Baraclude

BaracludeEntecavir tablets and oral solution
BRISTOL-MYERS SQUIBBOral therapy approved for hepatitis B infection
A guanosine nucleoside analog, entecavir functionally inhibits all 3 activities of the hepatitis B virus (HBV) polymerase: base priming, reverse transcription of the negative strand of messenger RNA, and synthesis of the positive strand of HBV DNA. Entecavir was approved on March 29, 2005, for the treatment of chronic HBV infection in adults with evidence of active viral replication and either evidence of persistent elevations in serum aminotransferases (ALT or AST) or histologically active disease.

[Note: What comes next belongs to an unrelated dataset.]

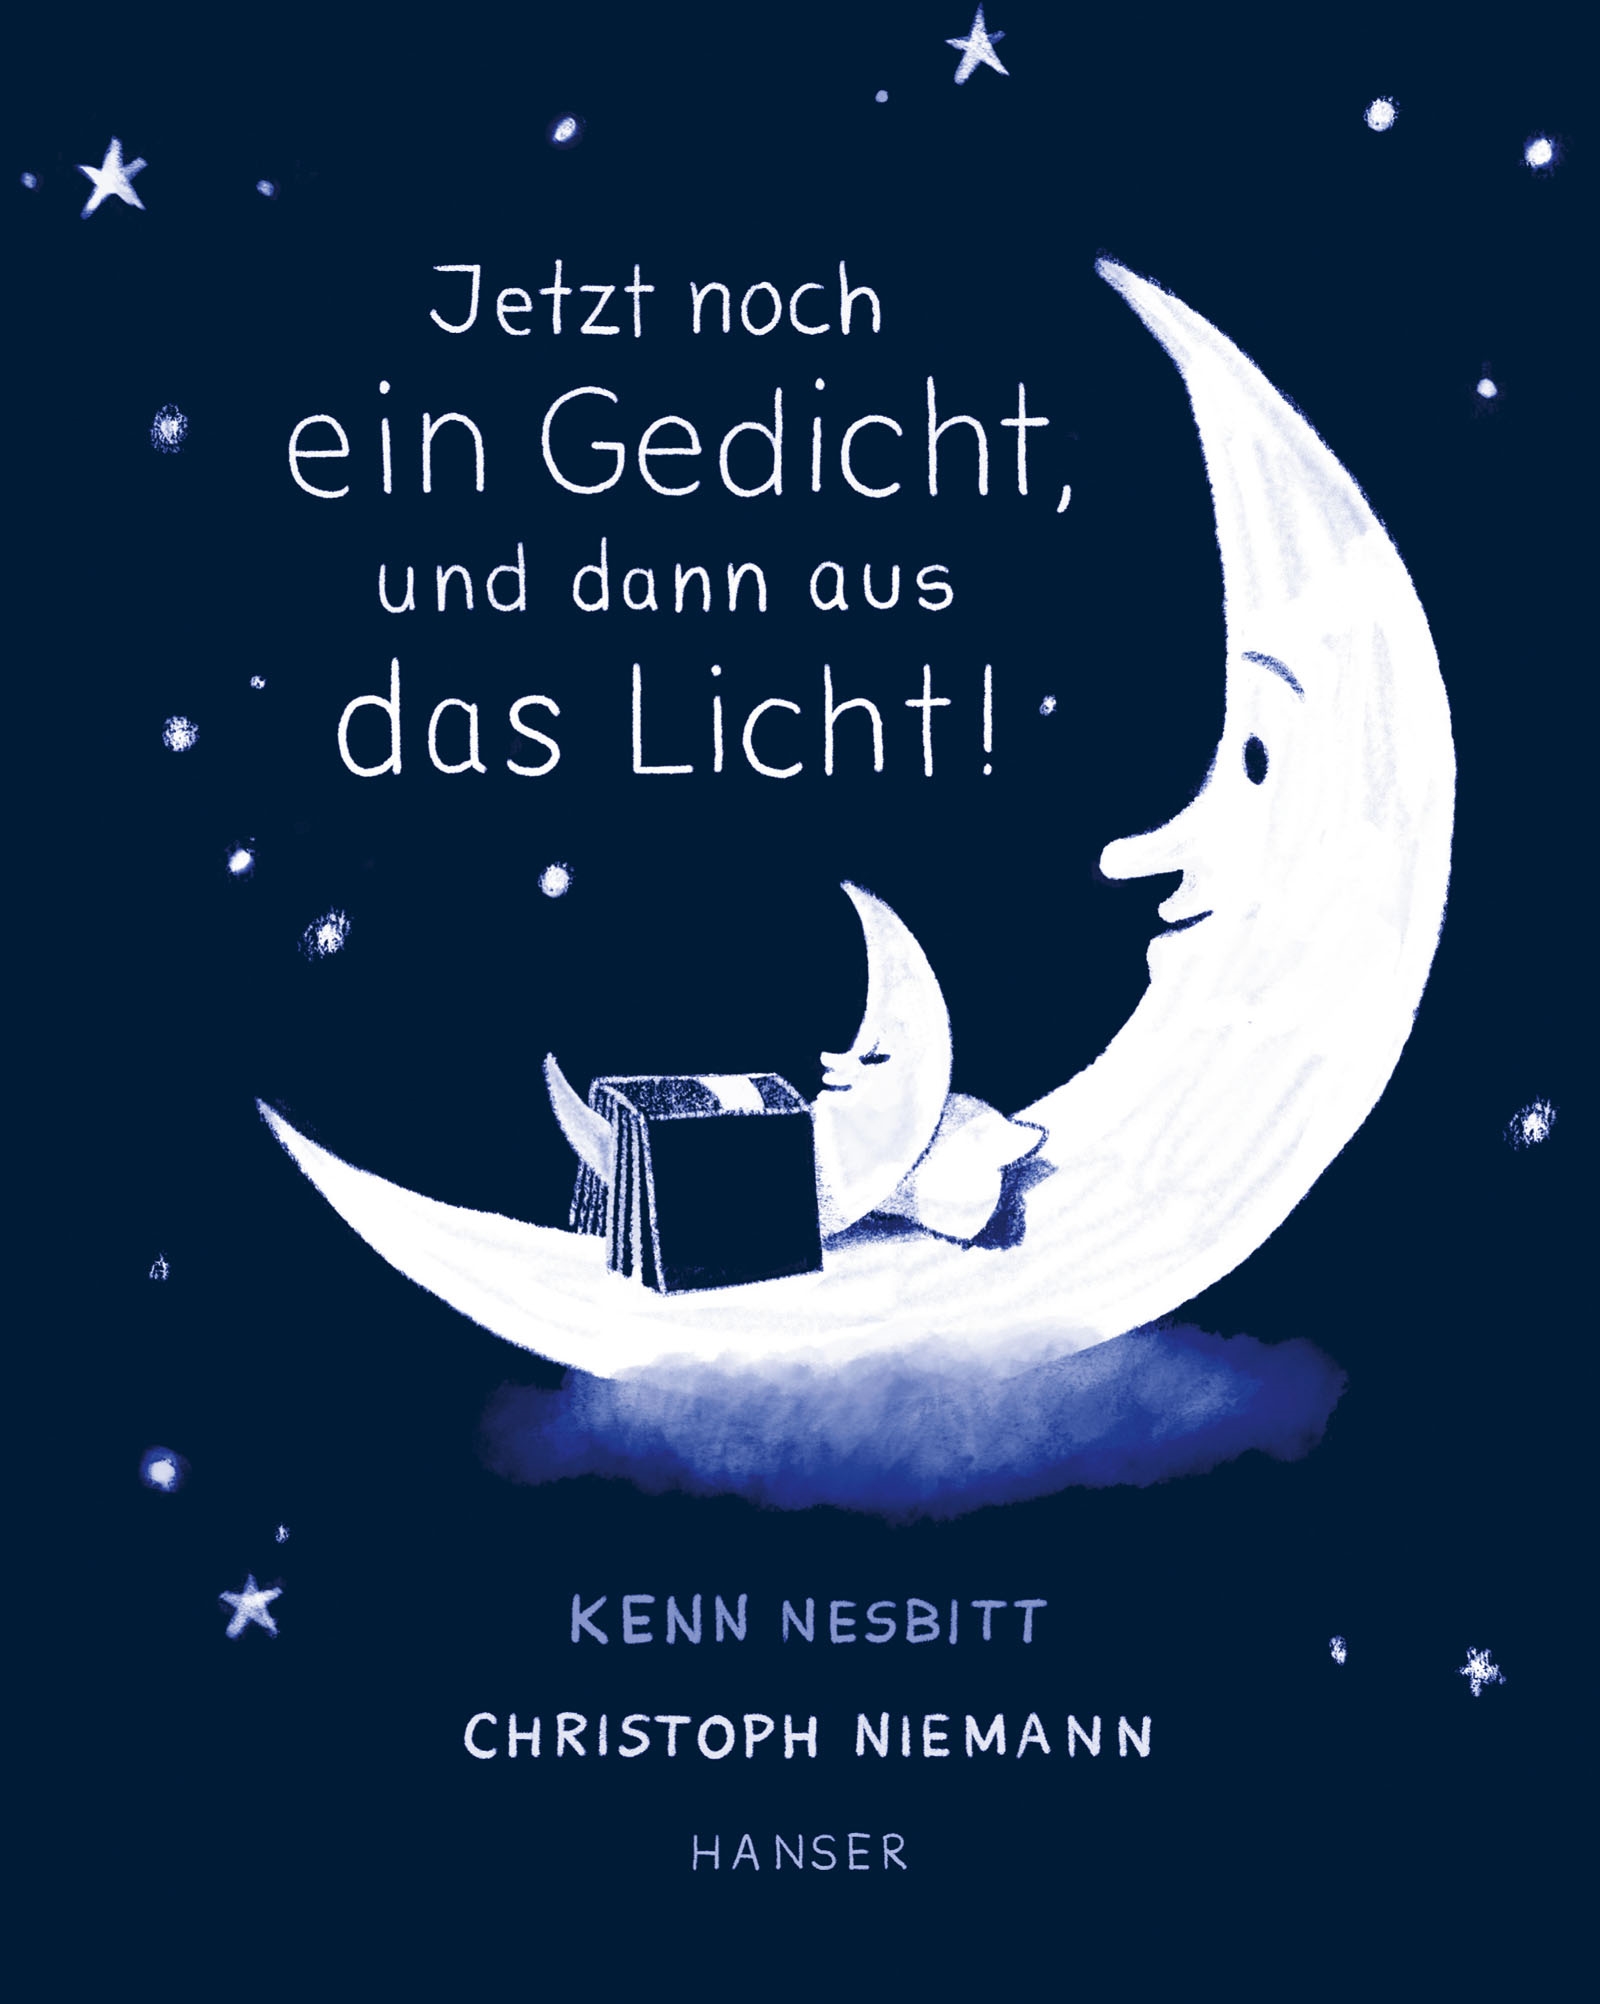 Jetzt noch ein Gedicht, und dann aus das Licht! von Ken Nesbit Parkbuchhandlung Buchhandlung Bonn Bad Godesberg

Efficacy. The efficacy of entecavir was evaluated in 3 active, controlled trials of 1,633 patients aged 16 years or older with chronic HBV infection. In 2 trials evaluating HbeAg-positive and -negative nucleoside-naïve patients, individuals received either entecavir 0.5 mg or lamivudine 100 mg. In both of these trials, entecavir was superior to lamivudine for the primary efficacy end point of histological improvement, as defined as a ≥2-point reduction in Knodell Necroinflammatory score, with no worsening in Ishak Fibrosis Score at Week 48. HbeAg-positive and -negative patients receiving entecavir achieved histologic improvement rates of 72% and 70%, respectively, compared with rates of 62% and 61%, respectively, for patients receiving lamivudine (P<.05). In a separate study of patients with HBV infection that was refractory to lamivudine, individuals were either switched from lamivudine to entecavir 1 mg or continued on lamivudine 100 mg for 52 weeks. Again, entecavir was superior to lamivudine for the end point of histologic improvement. Patients receiving entecavir achieved a histologic improvement rate of 55% compared with a rate of 28% for patients receiving lamivudine (P<.01).

Safety. Severe acute exacerbations of hepatitis B have been reported in patients who have discontinued anti-hepatitis B therapy, including entecavir. In patients discontinuing anti-hepatitis B therapy, hepatic function should be monitored closely with both clinical and laboratory follow-up for at least several months. Coadministration of entecavir with drugs that reduce renal function or compete for active tubular secretion may increase serum concentrations of entecavir or the coadministered drug. Patients should be monitored closely for adverse events when entecavir is coadministered with such drugs. The most common adverse events associated with the use of entecavir are similar to those typically seen with HBV therapy and include headache, abdominal pain, diarrhea, fatigue, and dizziness.